Par Gabriel Geiger (Lighthouse Reports), Soizic Pénicaud (Lighthouse Reports), Manon Romain et Adrien Sénécat
Publié le 4 décembre 2023
ENQUÊTE Depuis 2010, la CAF note ses treize millions de foyers d’allocataires pour orienter ses contrôles. « Le Monde » a enquêté sur ce système, accusé de discriminer les plus vulnérables.
Dis-moi qui tu es, l’algorithme dira si tu es suspect. A la Caisse nationale des allocations familiales (CNAF), où la recherche des erreurs de déclaration et des fraudes s’est industrialisée au cours des dernières années, un outil a été érigé en totem : le data mining (exploration de données). La priorisation des dossiers à contrôler repose aujourd’hui quasi exclusivement sur un « score de risque » calculé pour chaque allocataire suivant une batterie de critères personnels.

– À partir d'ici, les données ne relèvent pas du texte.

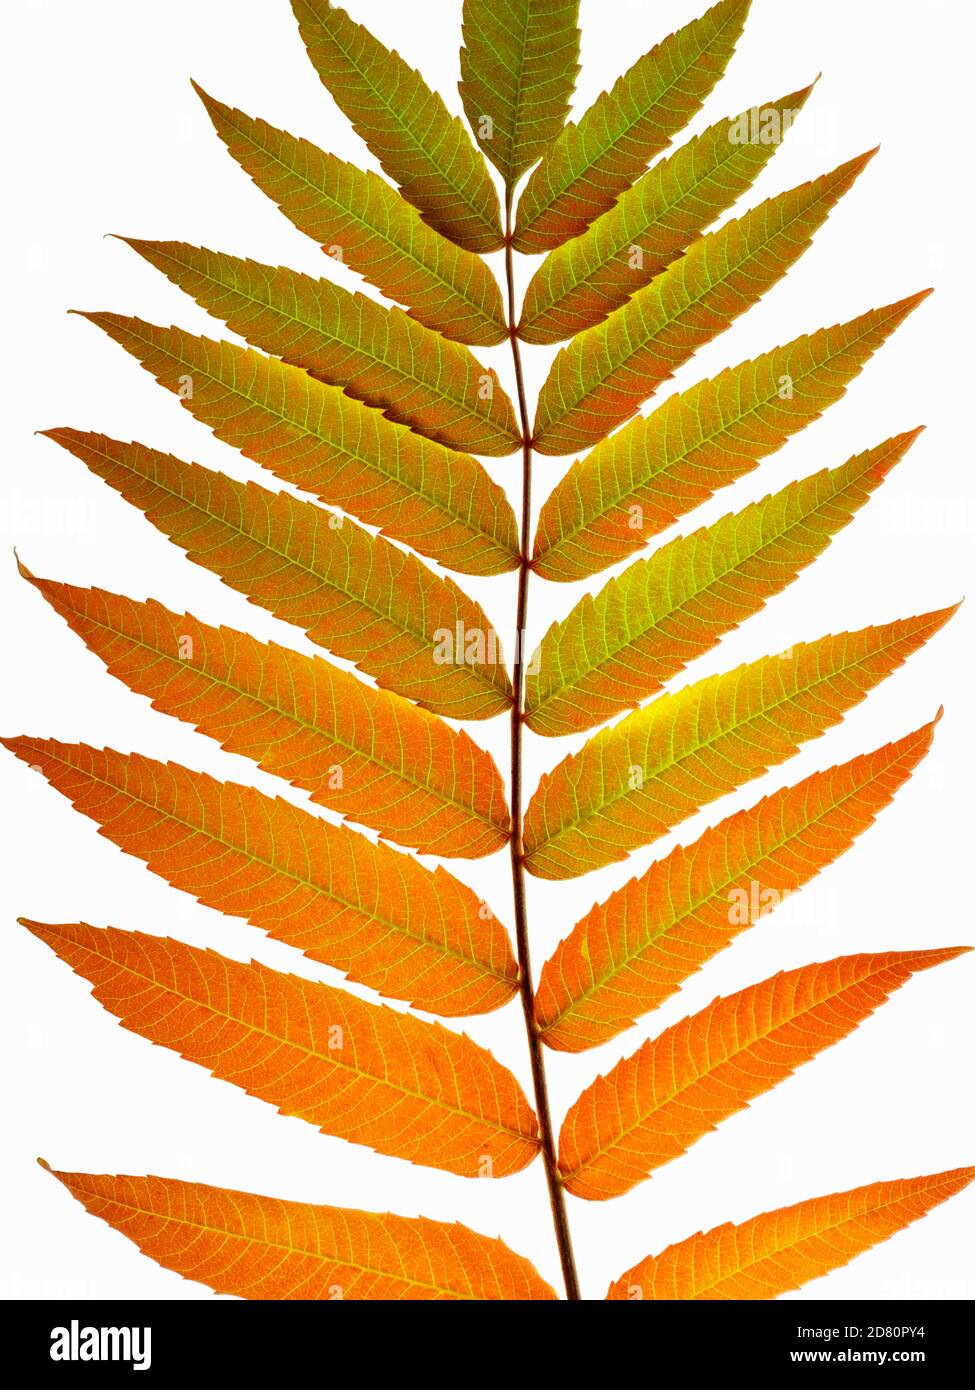 Nahaufnahme eines Sumac-Blattes, das im Herbst die Farben wechselt. Gattung Rhus, ein gutes Beispiel für Farben ändern sich wegen weniger Tageslicht Stunden. Stockfoto

Ce système fait la fierté de l’institution, qui en vante les performances. Mais les alertes se multiplient sur les possibles dérives de cet algorithme, baptisé « data mining modèle entrant » (DMDE). Plusieurs associations ont accusé la CNAF de discriminer les plus vulnérables au sein des publics à qui elle verse chaque mois le revenu de solidarité active (RSA), les aides au logement ou encore les allocations familiales.
L’ancien Défenseur des droits Jacques Toubon a fustigé en 2020 une démarche fondée sur des « préjugés et des stéréotypes », tandis que de nombreux médias, du Monde à Radio France, en passant par StreetPress, ont documenté la détresse des allocataires face à un système implacable.